**Task prompt**
Line by line, restate the material word for word, omitting any image.

START Data block

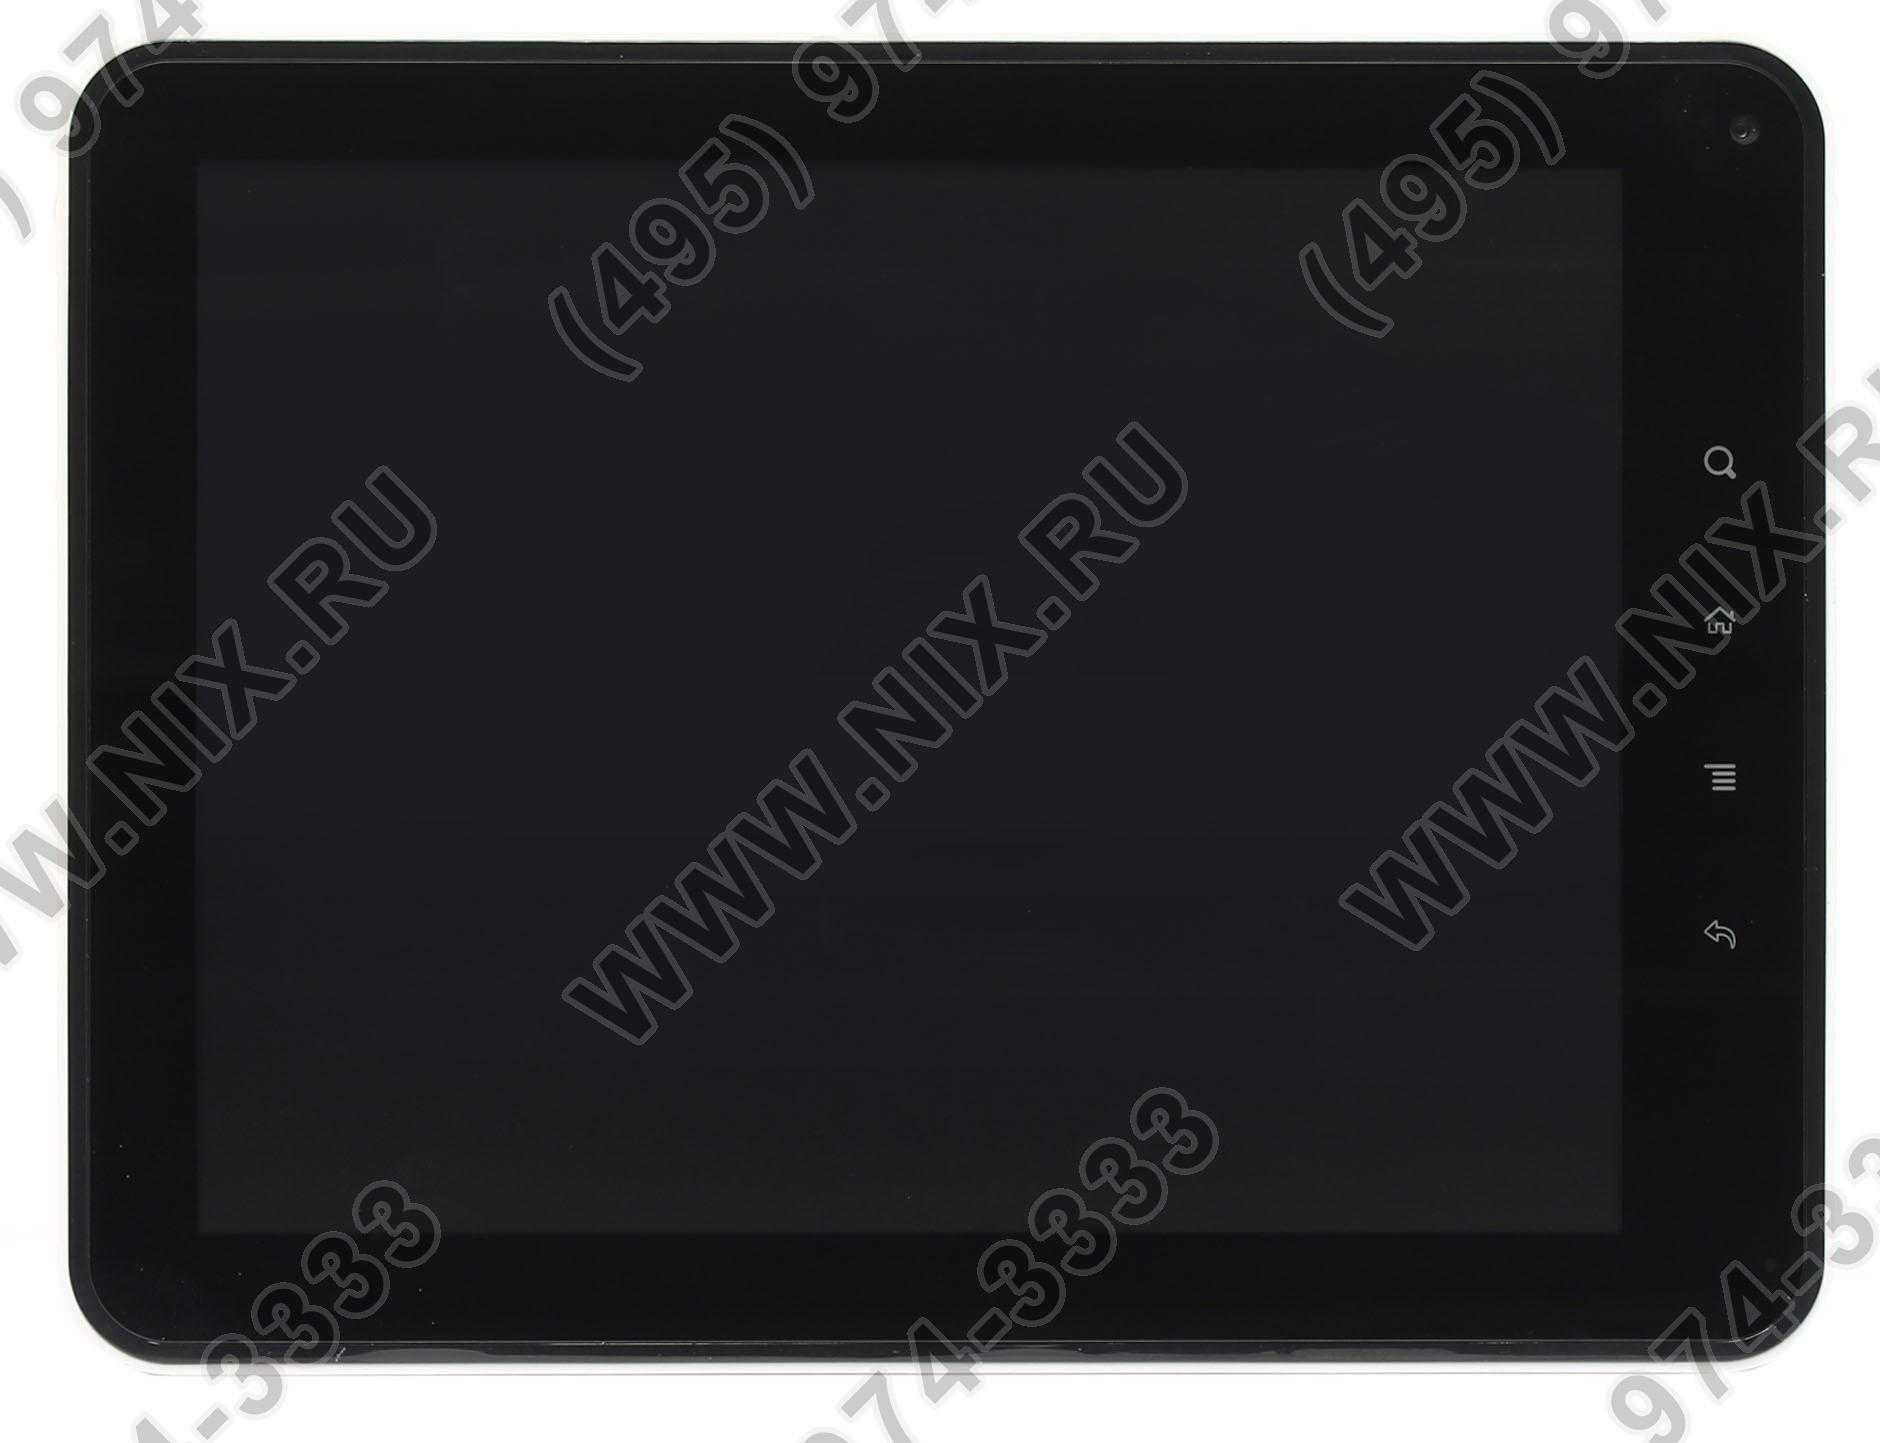 Bliss pad r7014 - купить , скидки, цена, отзывы, обзор, характеристики - планшеты
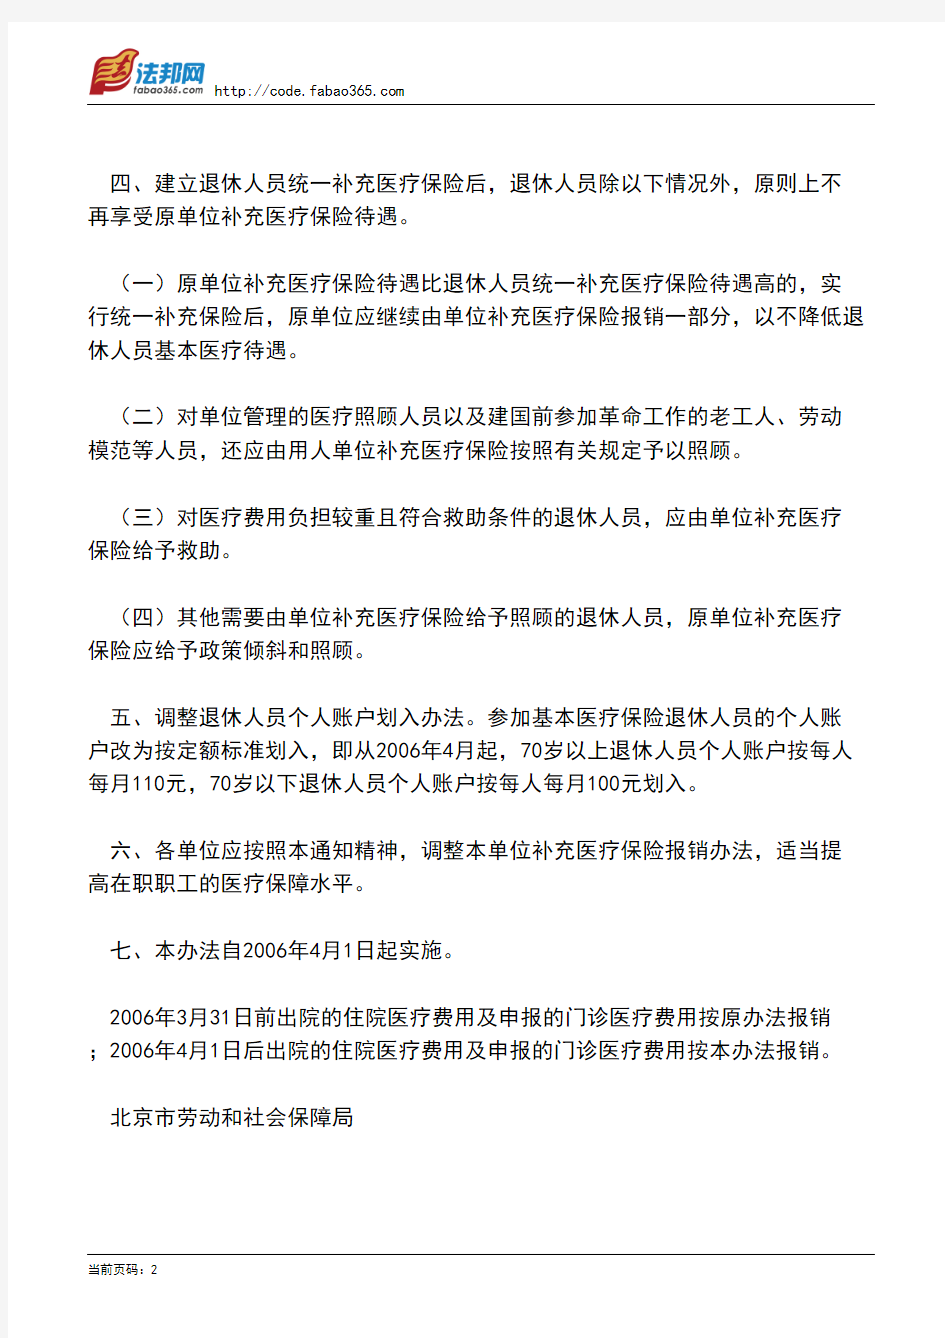 北京市劳动和社会保障局关于建立全市退休人员统一补充医疗保险的通知
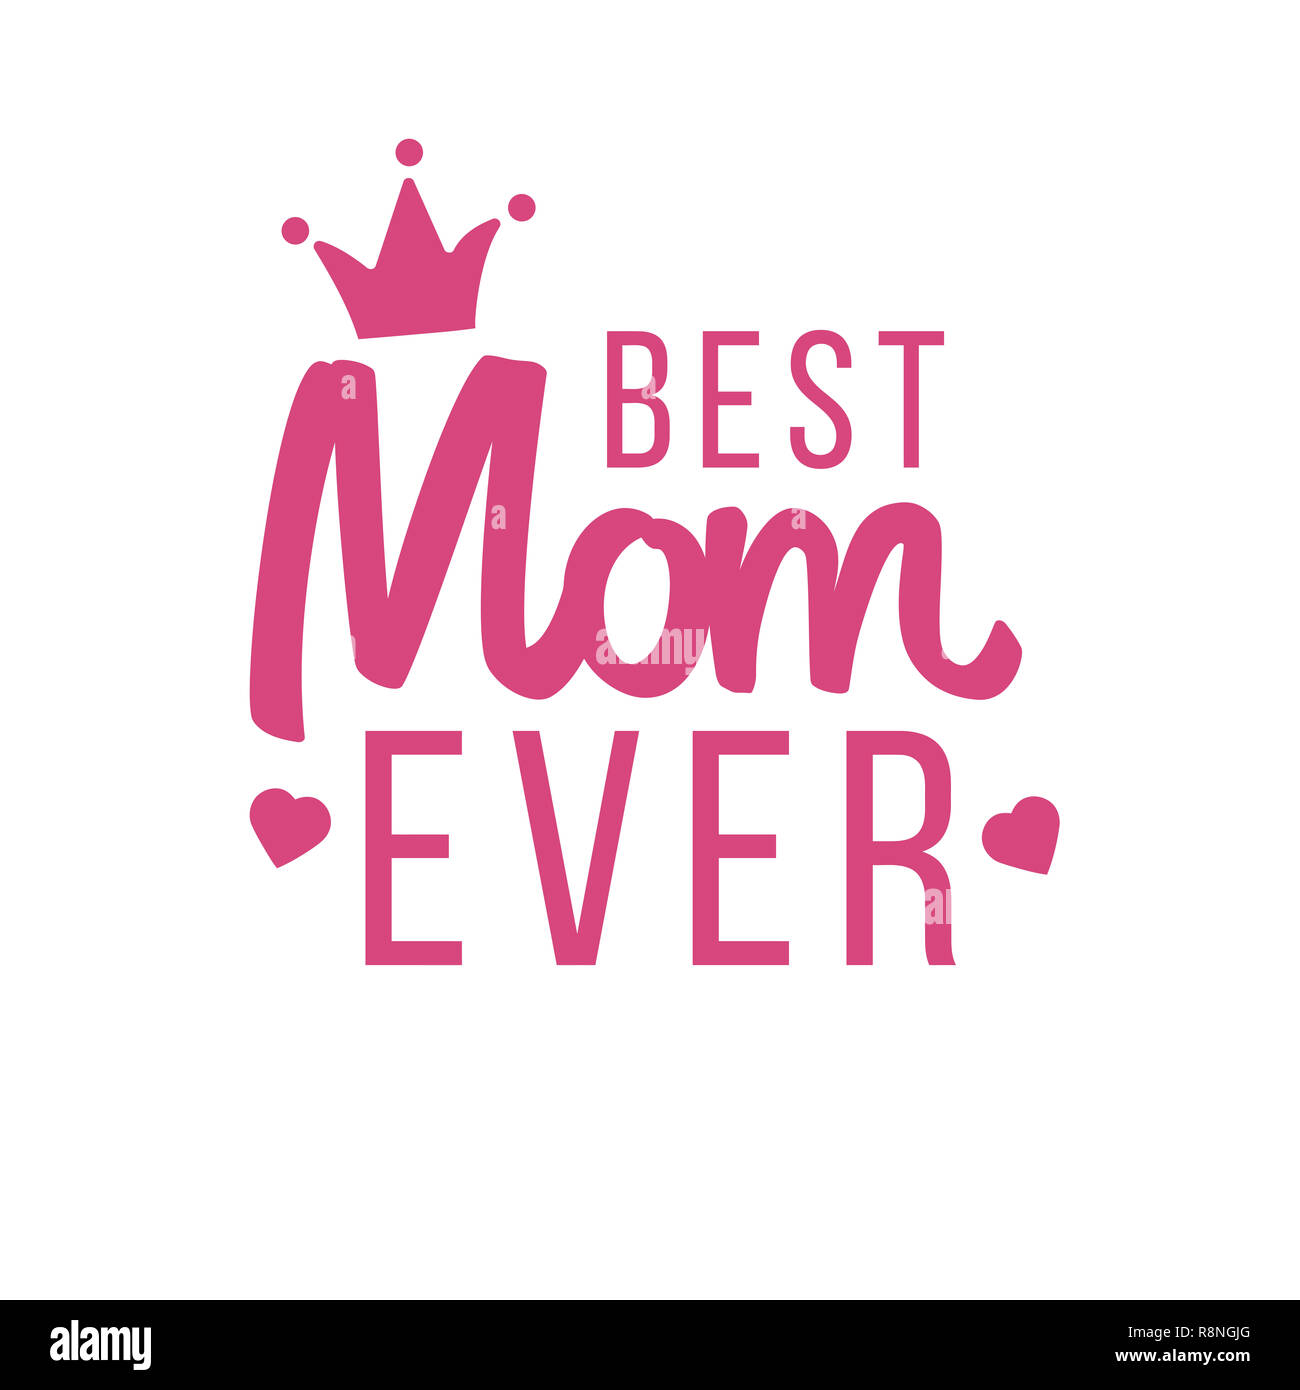 https://c8.alamy.com/comp/R8NGJG/mothers-day-best-mom-ever-love-pink-illustration-R8NGJG.jpg
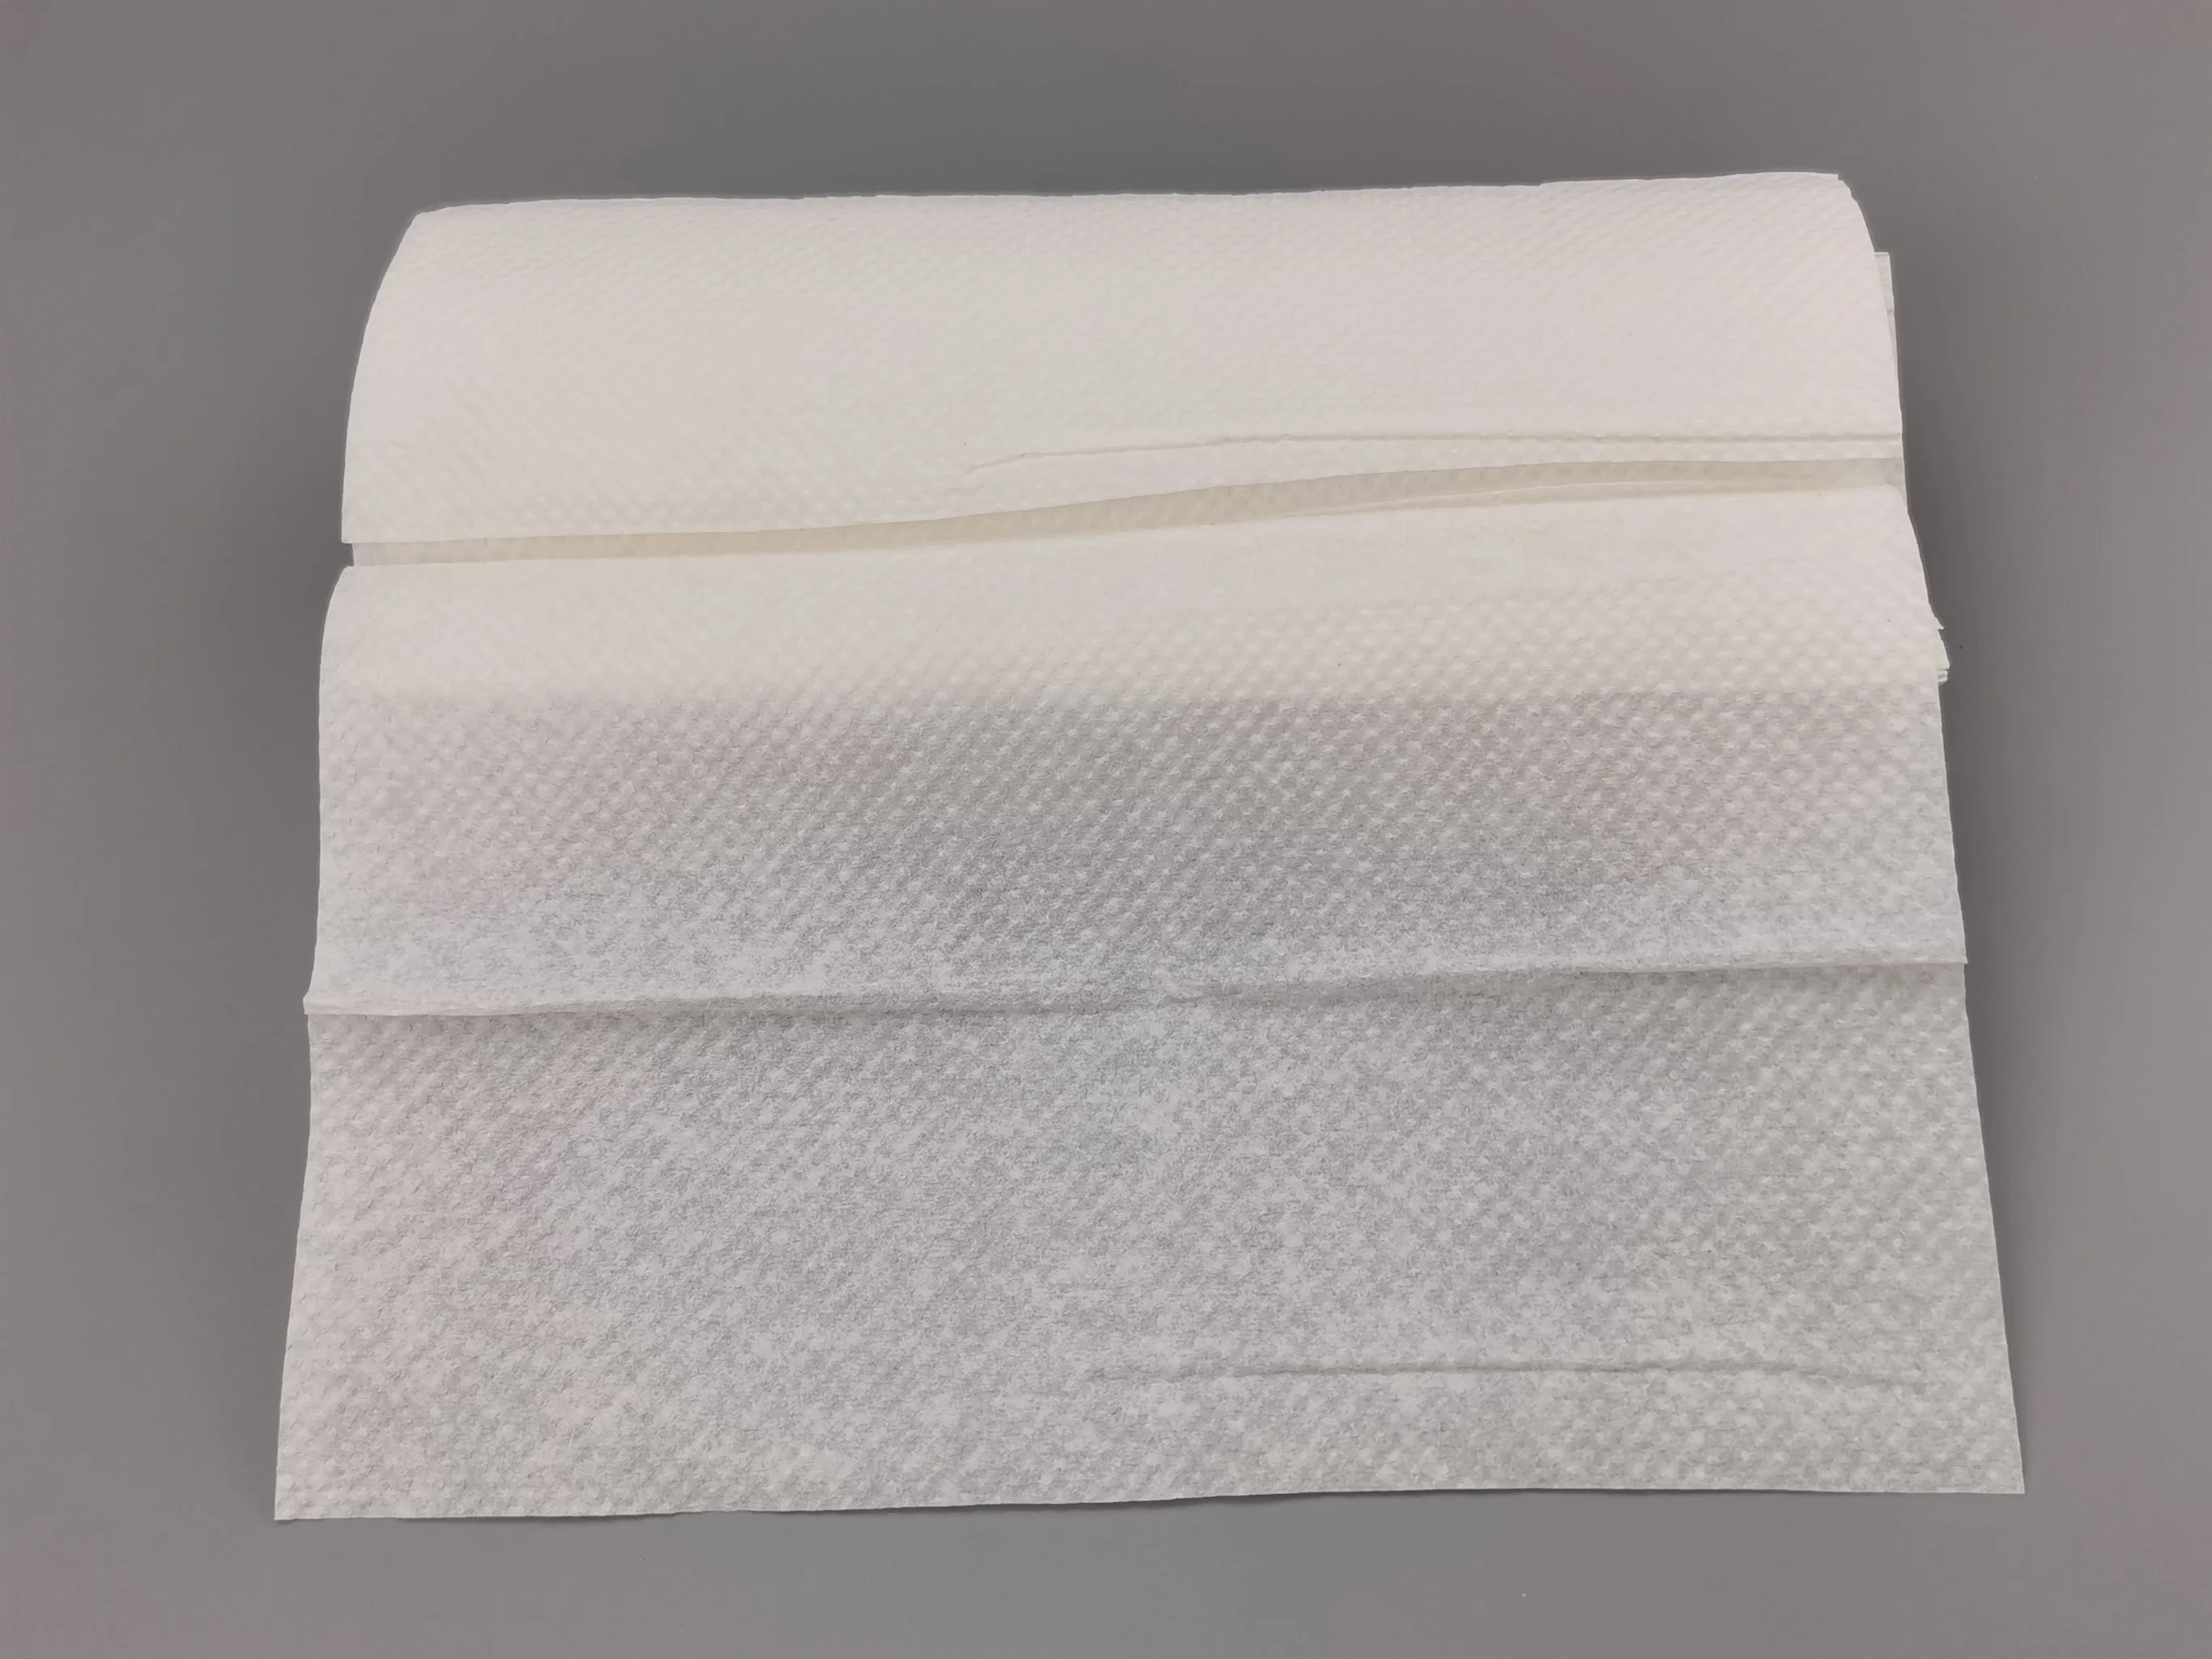 Weiß Hand Tissue Papier Startseite, Wc, Badezimmer Servietten

END Data block

**Response for this exercise**
 Bliss pad r7014 - купить , скидки, цена, отзывы, обзор, характеристики - планшеты
 北京市劳动和社会保障局关于建立全市退休人员统一补充医疗保险的通知
 https://c8.alamy.com/comp/R8NGJG/mothers-day-best-mom-ever-love-pink-illustration-R8NGJG.jpg
 Weiß Hand Tissue Papier Startseite, Wc, Badezimmer Servietten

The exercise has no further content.